Pilots who think that hang gliders are, in general, easy to fly, will be more likely to think they have to choose a glider towards the upper end of the performance / skill level range. A pilot who realizes that even the easiest to fly glider is more challenging than what the average recreational power pilot or sailplane pilot is flying may be more likely to give himself permission to buy a glider that is more within his limitations.
In my observation, on average, I would say that the average pilot is flying a glider that is one full level above his ability. The pilots I see on competition class wings would perform better and have more fun (and be safer) on intermediate wings, and the pilots I see on intermediate wings would do better on entry level wings.
By far, the most important aspect of the choice you make in a first glider is to buy one which places demands on you that are comfortably within your abilities. Your safety, your prospects for success, your rate of progress, (your budget for spare parts), and your likelihood of staying in the sport will all depend on the quality of this choice.
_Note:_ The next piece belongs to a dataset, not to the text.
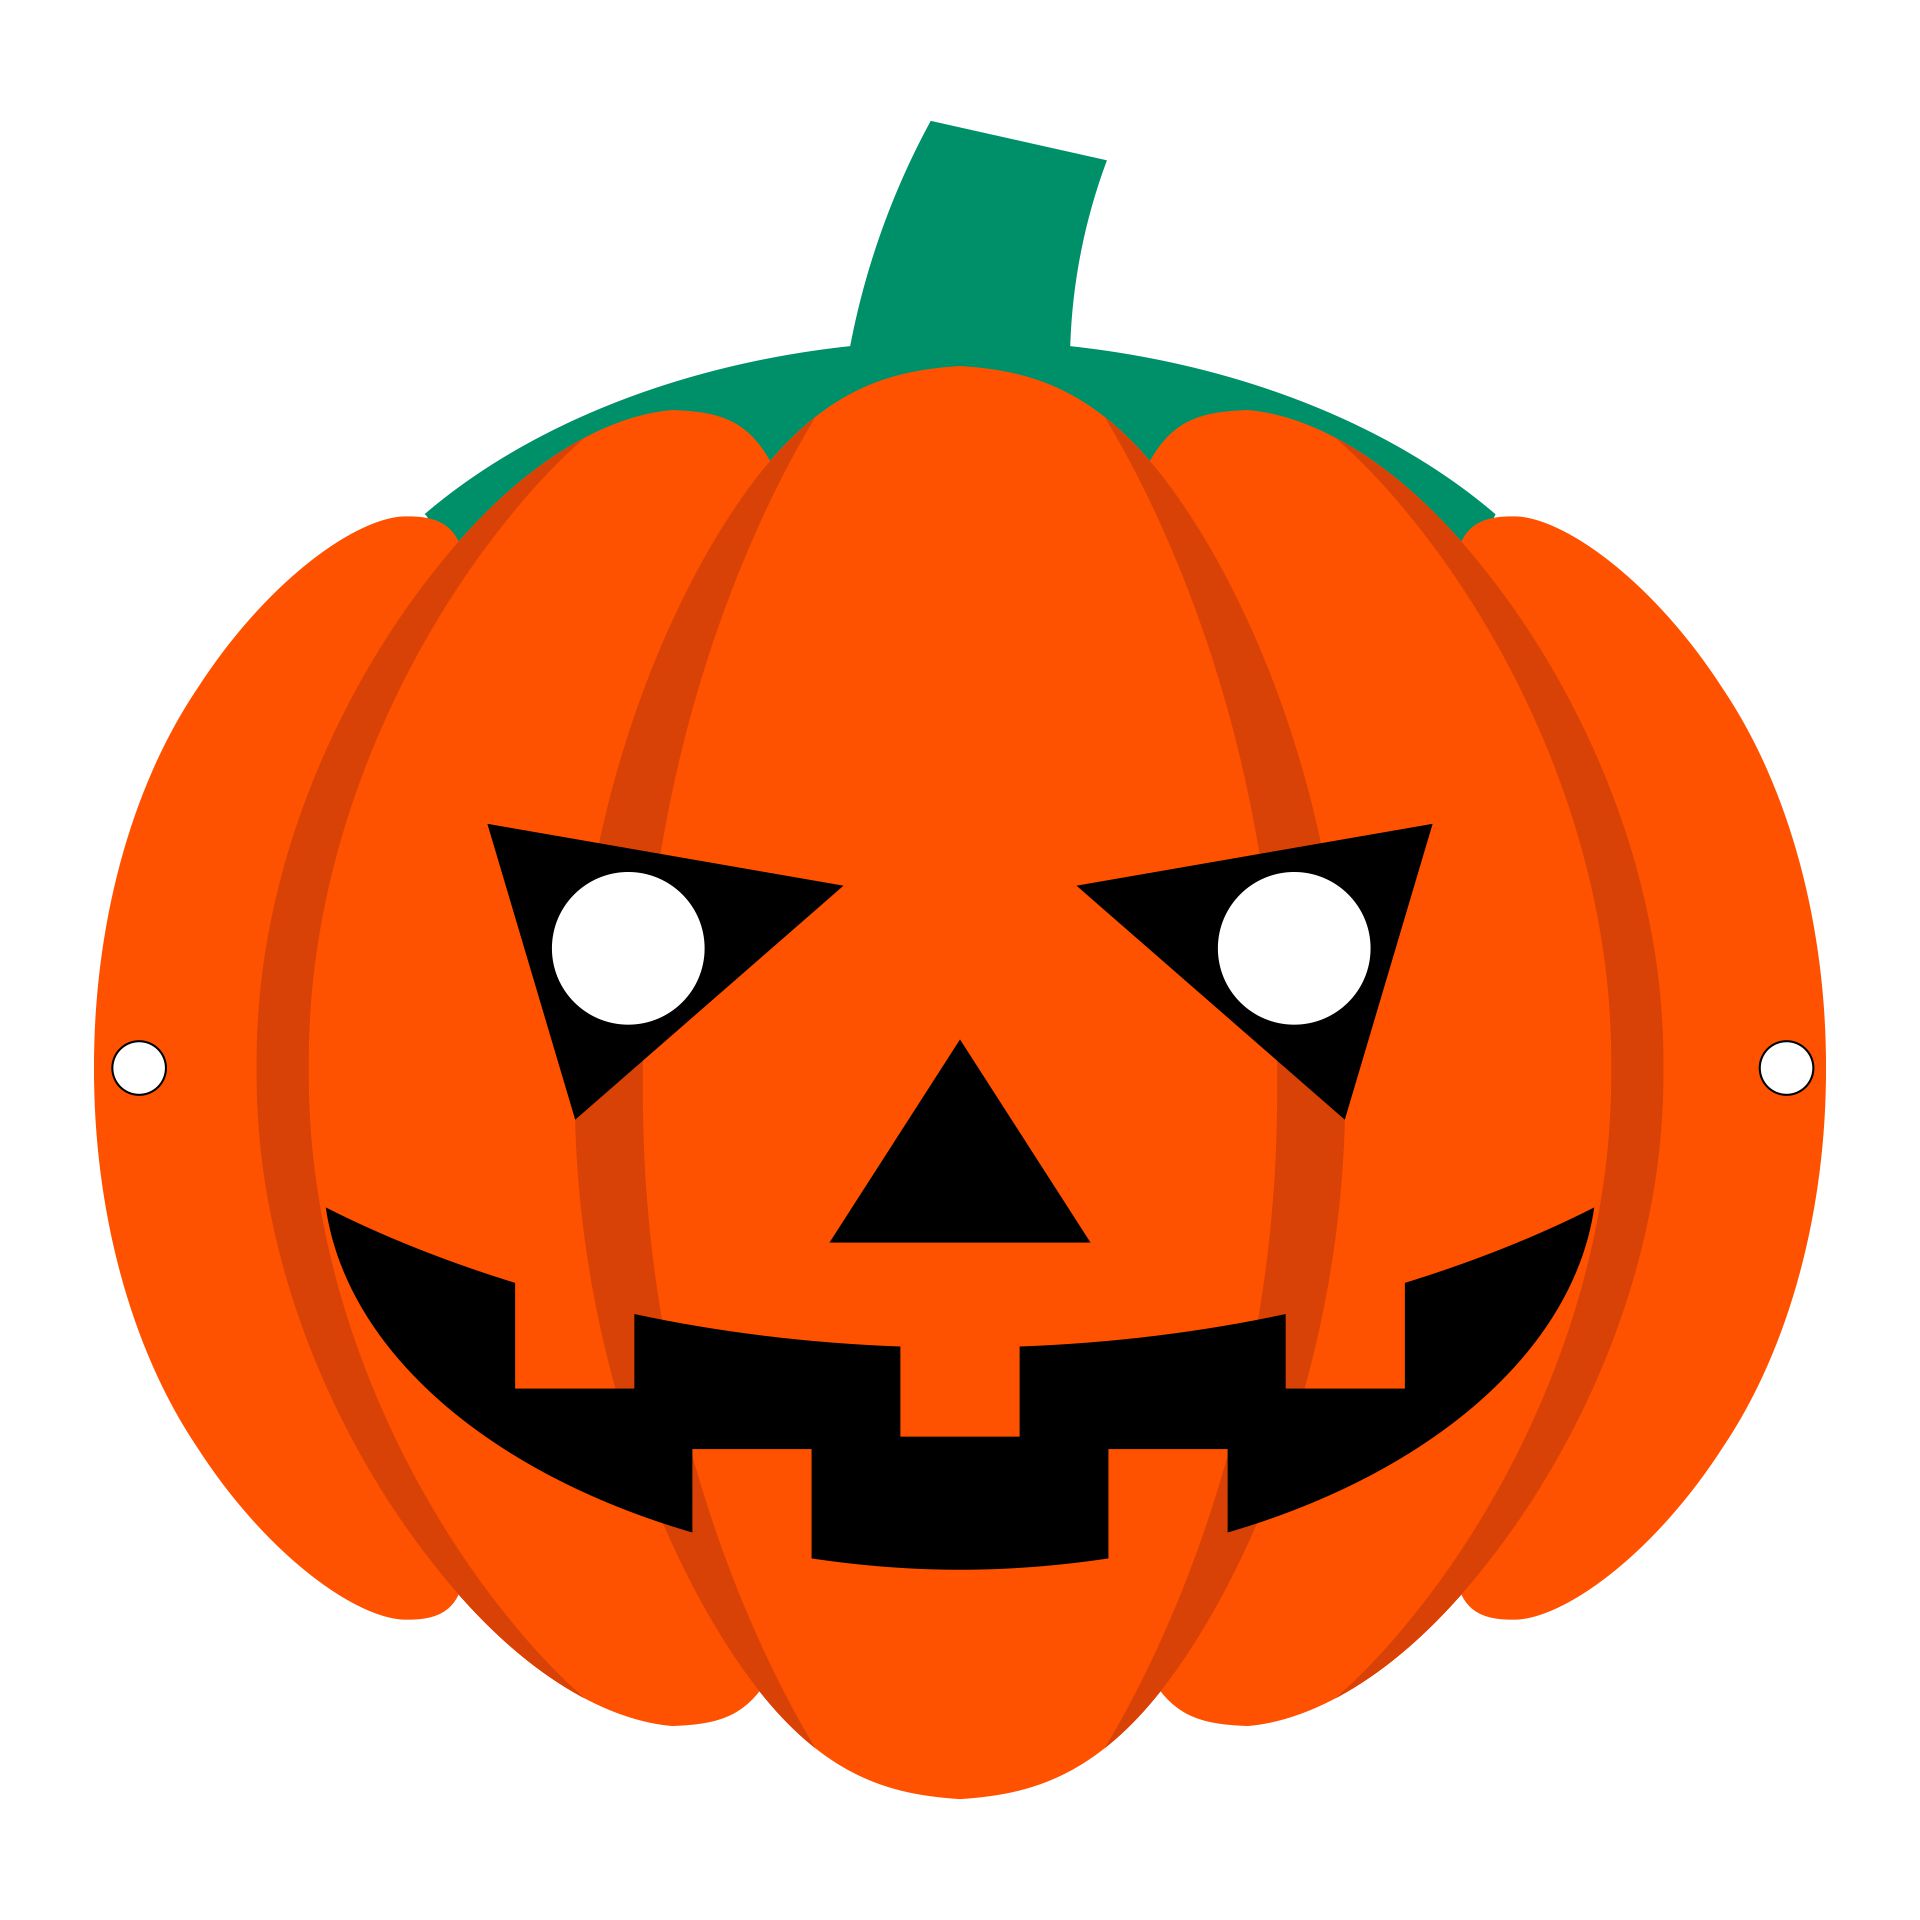 Pumpkin Mask Kids Costume Halloween
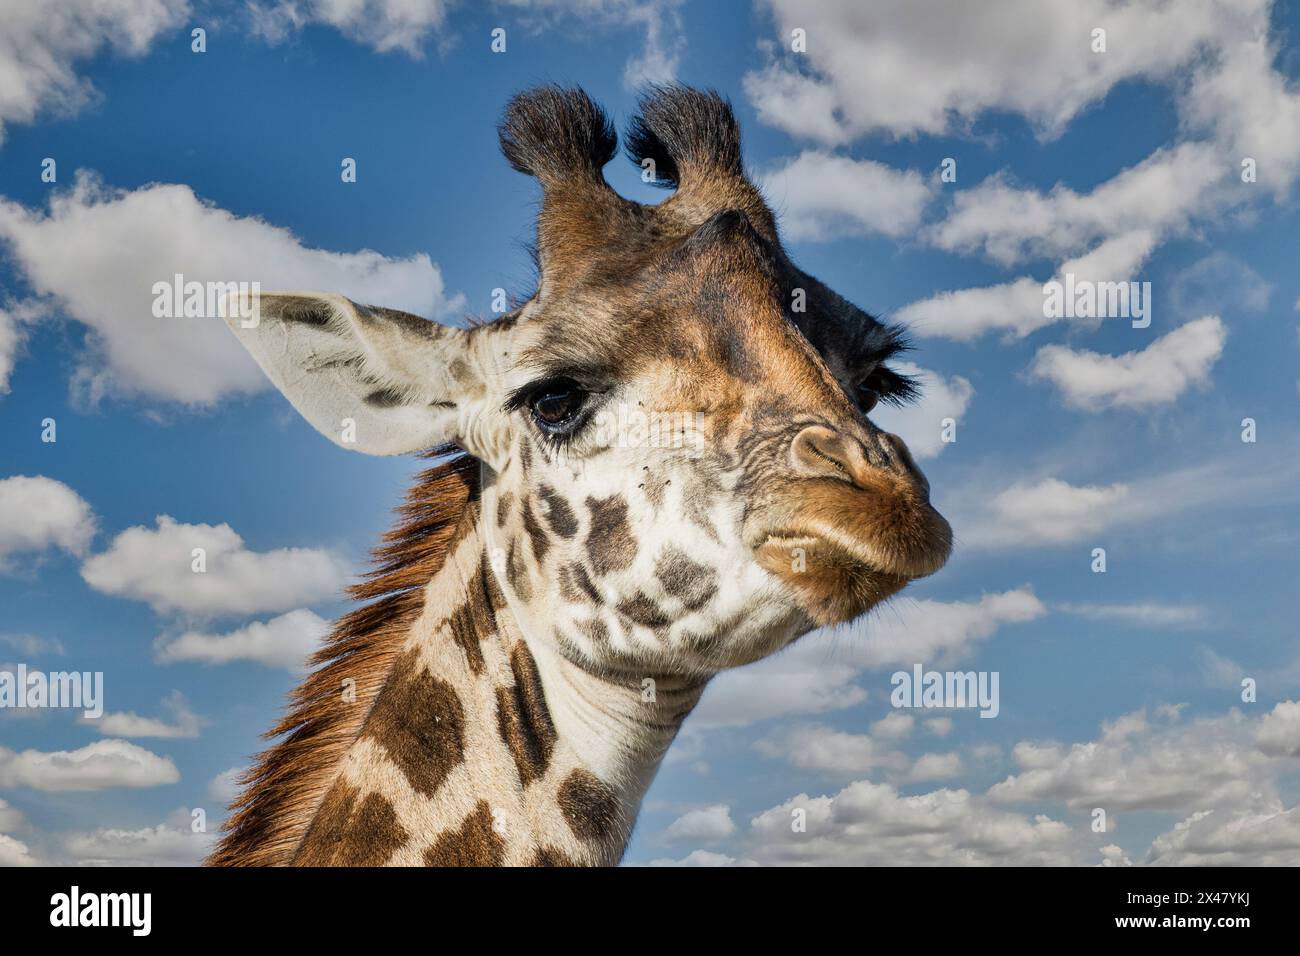 Africa, Kenya, Masai Mara National Reserve. Digital composite sky and giraffe. Stock Photo

After that, the rest of the choices are pretty easy.
New or used?
Buy new if you can. If you can’t, buy used, but pay to get it checked out by a professional shop, and spend more to get a glider that’s more appropriate for you rather than trying to save money on a glider that doesn’t fit your skill level. (There’s a reason that seven year old competition class wing is so cheap; there’s no demand for it because it isn’t competitive enough any longer for the pilots with the skill to fly it, and it really isn’t suitable for pilots with lesser skills.)
What manufacturer?
Well, that would be taking unfair advantage here. You decide on that one.
Which size?
Ask the manufacturer directly. Call them up. Talk to the designer or one of the factory test pilots. DON’T buy on the basis of numbers, or specifications, or what somebody wrote in some book or what somebody said on his personal web site. The guys that know what size glider you should be flying are the guys that designed and built it. Ask them. Get over the idea that the manufacturer has some incentive to give you the wrong information. His incentive is to make sure you get the best glider for you, so you’ll stay in the sport, have fun, and someday buy another one from him.
And after that, all that’s left is to have fun. And you will have fun if you do this right. Hang gliding is an absolute kick in the pants when you’re having success, not being scared, not breaking stuff and not getting hurt. And one major key to all that is picking the right glider.